Court Opinion

ID: 6242664
Source: CourtListenerOpinion
Date Created: 2022-02-17 20:48:39.008297+00
Date Added: 2024-06-11T08:58:14.664256
License: Public Domain

Opinion by
Mb. Justice Mitchell,
The actions by Glass and Eckendorver against the plaintiff company of course charged and proved negligence against it, or there could have been no recovery in them. But it was the negligence of not performing the duty to the public of keeping its pipe lines in proper and safe condition. Whether there was *462an initial negligence of the present defendant out of which plaintiff’s default arose, might or might not have been shown, in the trial of those cases, and may or may not appear in the records, but was not material and could not affect the results of those actions, or the question in the present ease of the liability as between the plaintiff and defendant. The second and third assignments of error, and the argument upon them, are satisfactorily answered by the illustration given by the learned judge in his charge, of the common ease of a municipality being held liable to a party injured by an obstruction in the street, yet having an unquestionable right to recover from the person who put it there: Brookville v. Arthurs, 130 Pa. 501, 152 Pa. 334.
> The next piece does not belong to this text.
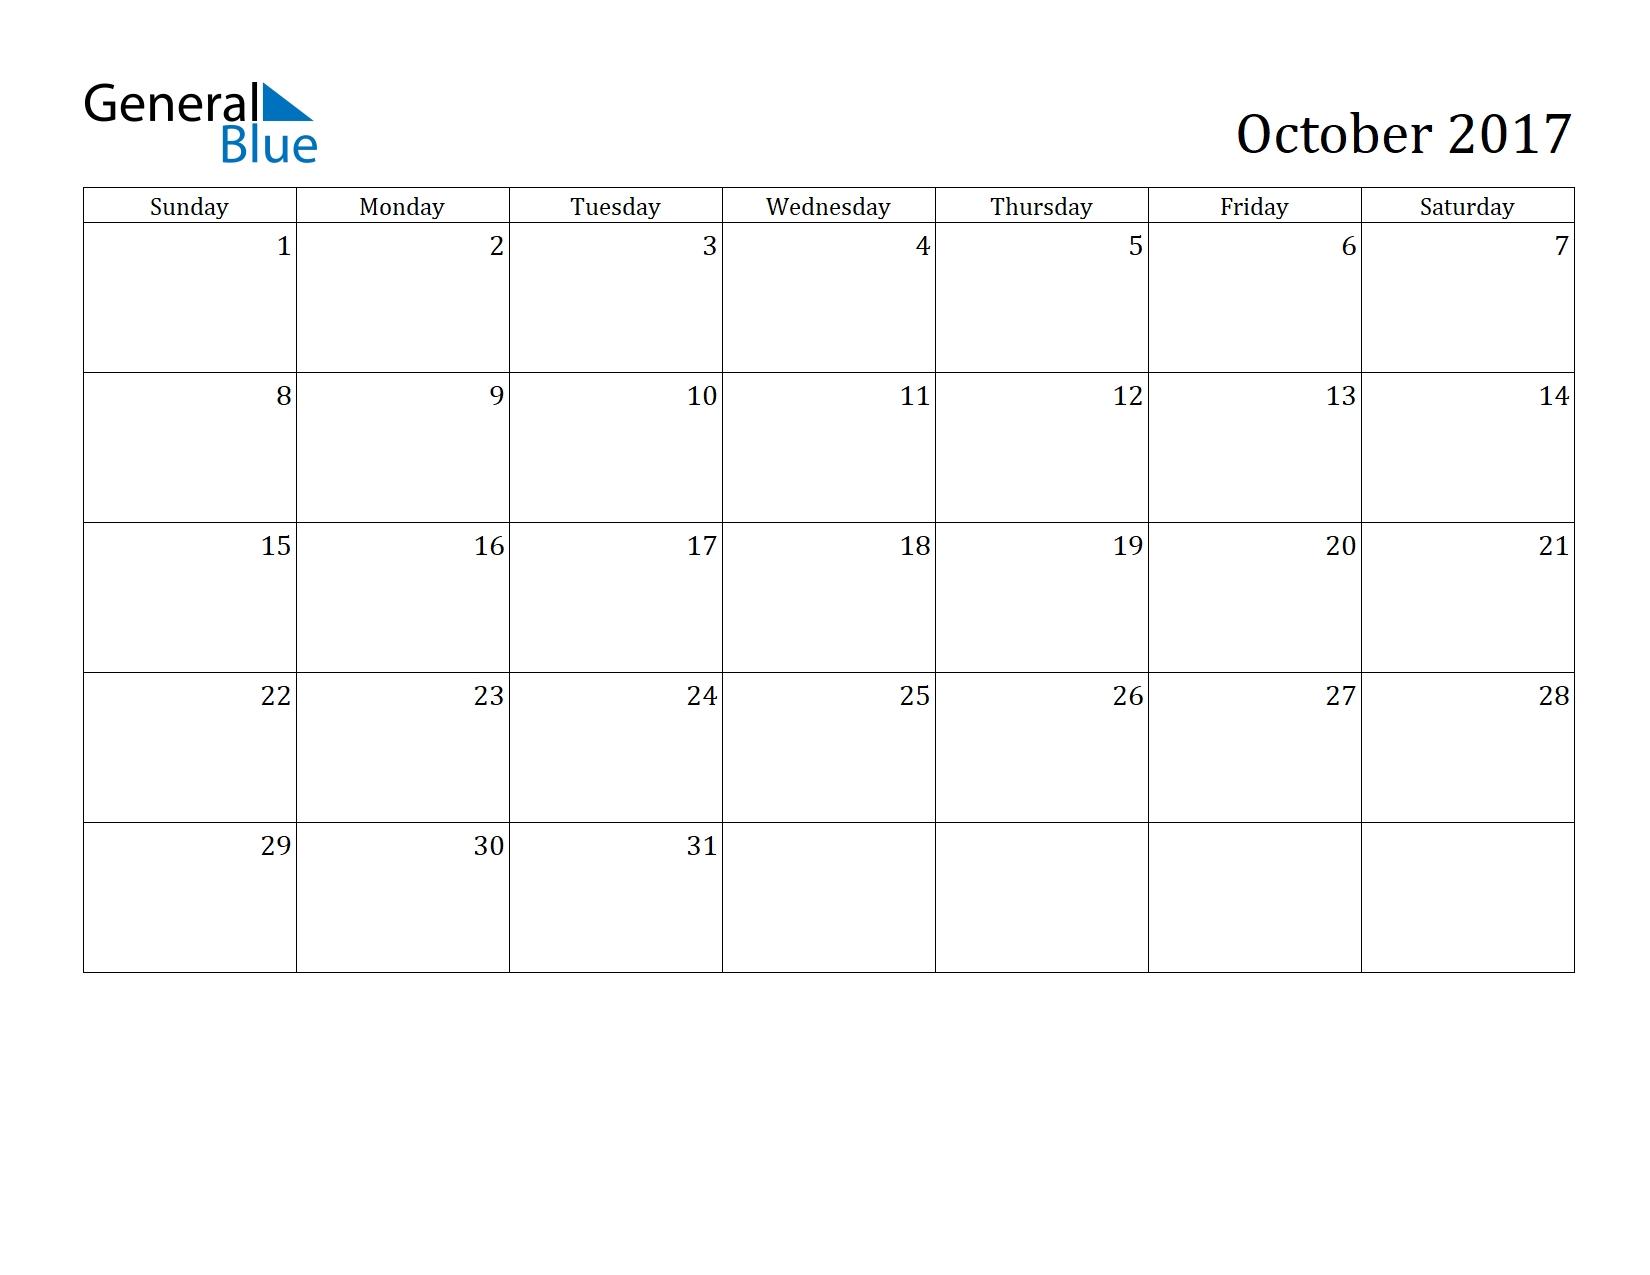 October 2017 Calendar | General Blue General Blue October 2021 Calendar

The fourth assignment of error cannot be sustained. The compromise and payment of the claims of Glass and Eckendorver before a decision of this court on the appeals did not make the plaintiff a volunteer. There was no obligation to take an appeal from the judgment on. the verdict, in the first place, or to prosecute it any further than seemed to be prudent and advantageous. The verdict was against plaintiff and the compromise reduced the amount for which plaintiff was prima facie liable, and for which it would have a claim against the defendant. The compromise therefore was apparently in the interest of defendant as much as of plaintiff, and it is agreed that the amounts paid were reasonable.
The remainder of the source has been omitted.